"Mai su quello sperone del Nanga, una sfida alla morte"

Simone Moro in ansia per Nardi: ognuno calibra i suoi rischi, io avrei avuto paura

Gli alpinisti dispersi Daniele Nardi e Tom Ballard (Ansa)

Gli alpinisti dispersi Daniele Nardi e Tom Ballard (Ansa)

Ancora silenzio e angoscia, mentre il maltempo continua a non dare tregua e assottigliare la speranza. Le condizioni meteo avverse hanno impedito anche ieri di avviare le ricerche dell’alpinista italiano Daniele Nardi e del suo compagno britannico Tom Ballard, di cui si sono persi i contatti da domenica scorsa in Kashmir mentre erano intenti a scalare un picco del Nanga Parbat, soprannominato ‘killer mountain’ Gli elicotteri, che sarebbero dovuti decollare dalla base di Skardu con a bordo l’alpinista basco Alex Txikon e i droni che servono per perlustrare le vie che teoricamente possono aver percorso i due scalatori, sono rimasti a terra a causa di fitte nevicate, nuvole a bassa quota e forti venti, come ha riferito lo staff di Nardi su Facebook. "Domani mattina (oggi, ndr), le condizioni dovrebbero migliorare e tenteremo di nuovo Ho parlato con Txikon, sempre molto d’aiuto", ha scritto su Twitter l’ambasciatore italiano in Pakistan, Stefano Pontecorvo.
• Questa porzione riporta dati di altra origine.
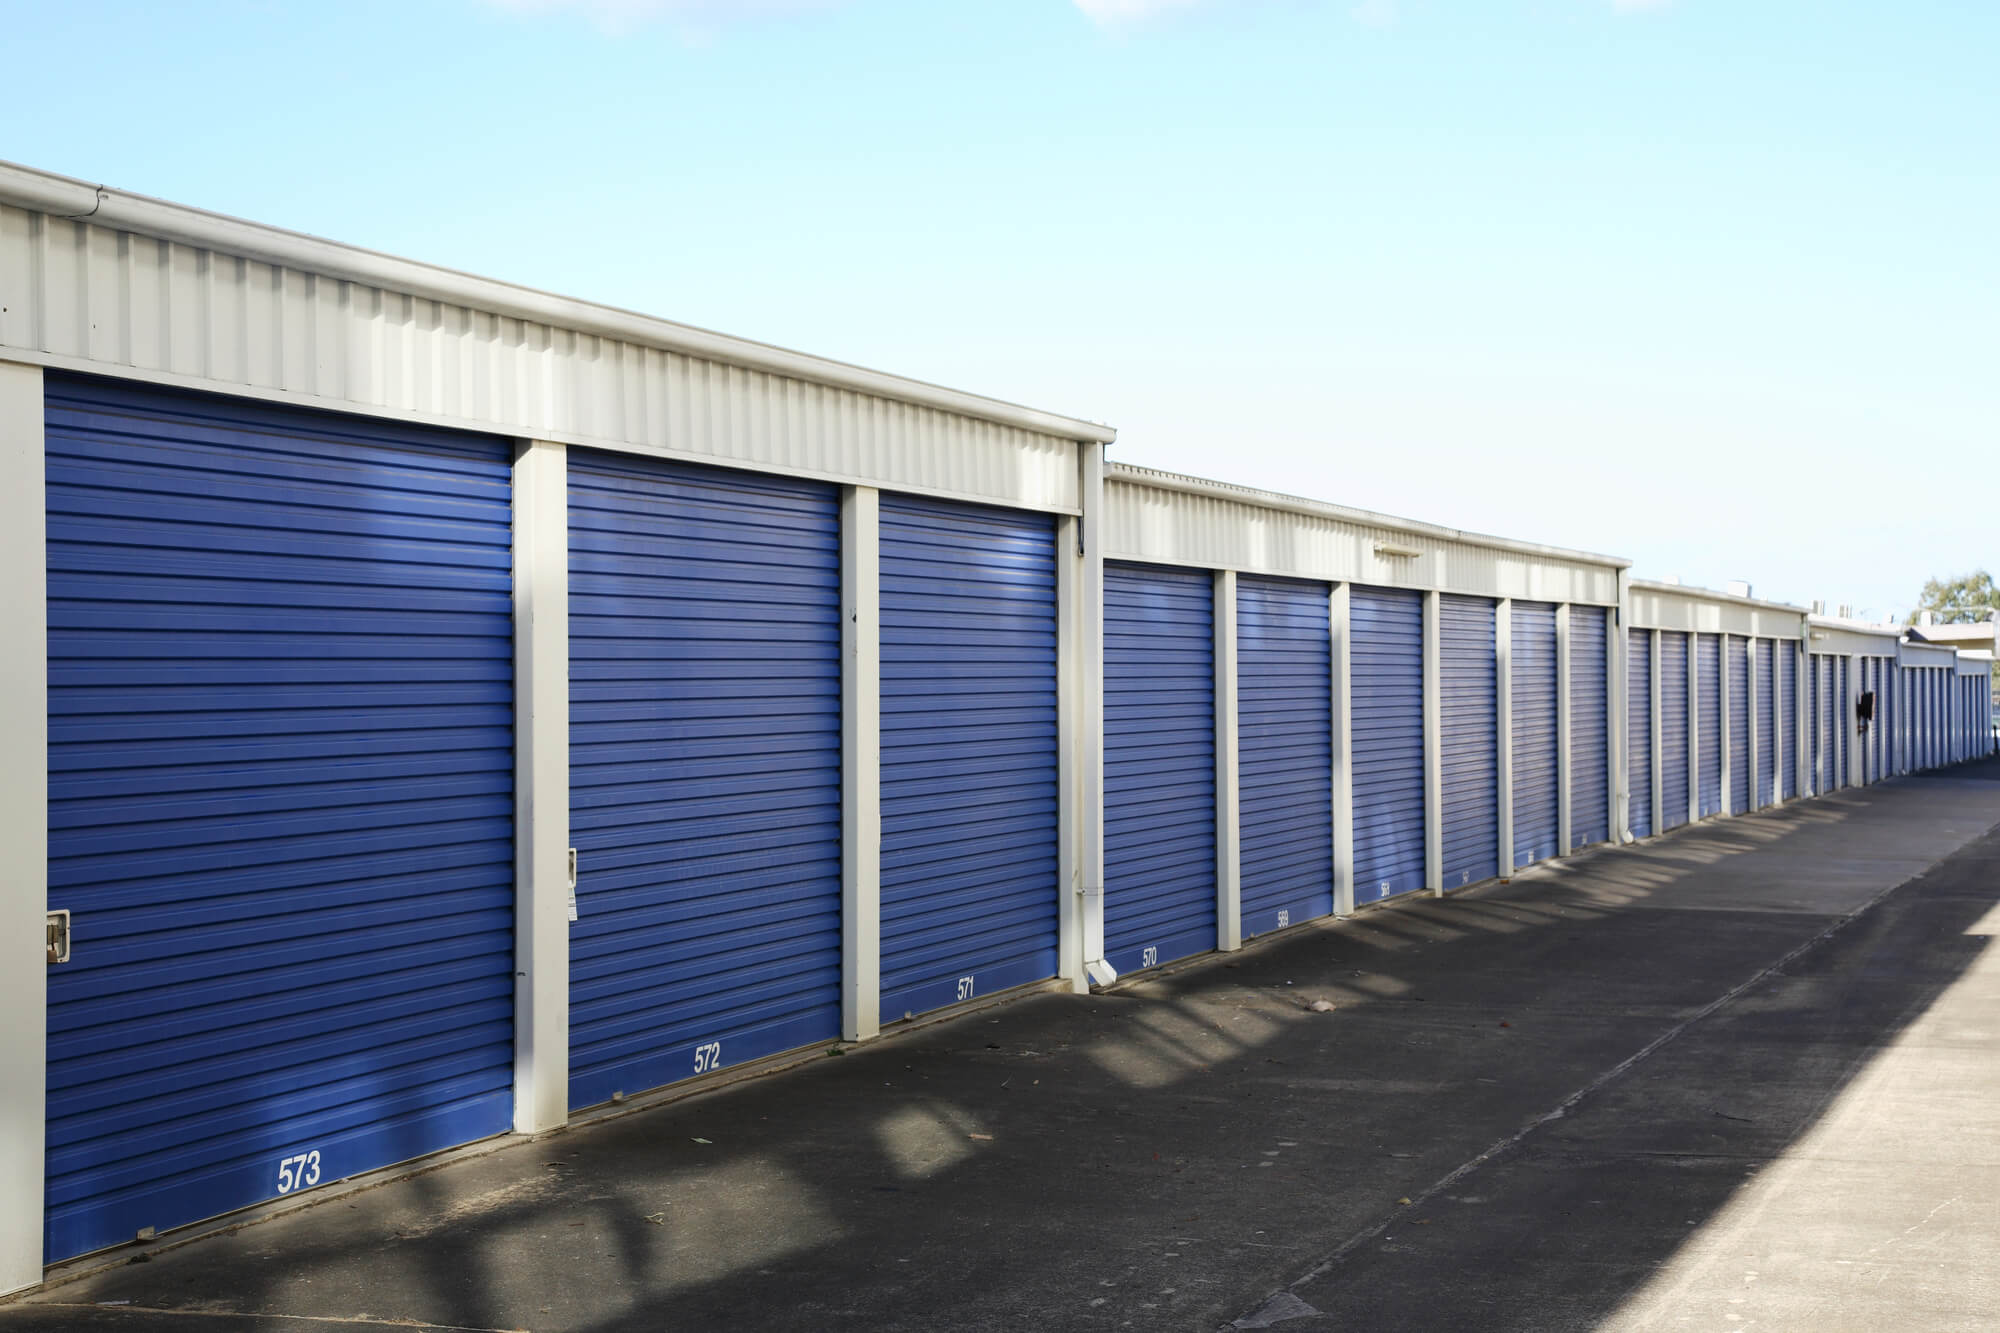 Outdoor storage with blue shutters

Bergamo, 3 marzo 2019 - "Ciò che ha spinto Nardi e Ballard a salire questo sperone è sicuramente la bellezza estetica e la fama di questa via. Nardi era la quinta volta che ci provava ed evidentemente aveva reputato il coefficiente di rischio nei limiti per il suo standard di consapevolezza e di accettazione della fatalità".

Simone Moro, l’alpinista bergamasco delle grandi scalate invernali sugli ottomila, conosce bene i rischi che può comportare una salita su una montagna mastodontica, come può essere il Nanga Parbat (che ha conquistato per la prima volta nell’inverno 2016), e soprattutto le incognite di un via mai percorsa prima, nella stagione più difficile. 

Chi affronta un’impresa di tale portata su un ottomila in inverno si spinge inevitabilmente oltre un certo limite. Sembra quasi mettere in conto una sfida con la morte. Non è così? 

"Quando affronti un certo tipo di scalata il coefficiente di rischio che decidi di accettare è molto personale. Ognuno ha il suo, ma diciamo che è abbastanza standardizzato. È anche questo che rende una via ‘salibile’ o meno, insieme alla sua pericolosità. Vie che nessuno è mai riuscito a scalare prima devono rientrare in un coefficiente di difficoltà che uno riesce a controllare, almeno in parte".

È il caso dello sperone Mummery scelto da Nardi e Ballard?

"È probabilmente lo sperone più famoso nella storia. Già individuato dall’alpinista inglese Mummery nel 1895 (sessanta anni prima che il Nanga Parbat fosse conquistato). Lui ci andò sotto e decise che era troppo pericoloso. Cercò un’altra via e scomparve per sempre. I pericoli lì sono oggettivi".

Cosa ne pensa di questo tentativo? 

"Non voglio assolutamente dire che Nardi è un kamikaze, posso solo dire che non mi è mai venuto in mente di tentarlo perchè mi fa paura. Non proverò mai a salire quello sperone perché mi ha sempre messo timore".

Quali sono i pericoli? 

"Sono stato un anno sotto il Nanga Parbat, nove mesi sotto il versante Diamir, dove c’è lo sperone Mummery e ho sempre visto cadere valanghe tutti i giorni. Sopra lo sperone ci sono due seracchi giganteschi. Fette di ghiacciaio alte come palazzi che per effetto della gravità ogni tanto si staccano, precipitano e poi esplodono. Non è questione di tanta neve o poca neve. Cadono perchè il ghiacciaio scivola a valle. E la cosa spaventosa è che si tratta di un fenomeno talmente dirompente che i blocchi più piccoli che si formano dalla rottura del seracco che precipita sono grandi come un furgone e cadono da tutte le parti, anche lungo lo sperone Mummery. Fino ad oggi l’unico uomo che è passato da quelle parti ed è sopravvissuto è stato Reinhold Messner, in discesa. Disperato con il fratello cercava di fuggire dalla montagna e si è infilato in uno di quei terribili canali. Messner ce la fece, sopravvisse, suo fratello morì travolto da una valanga".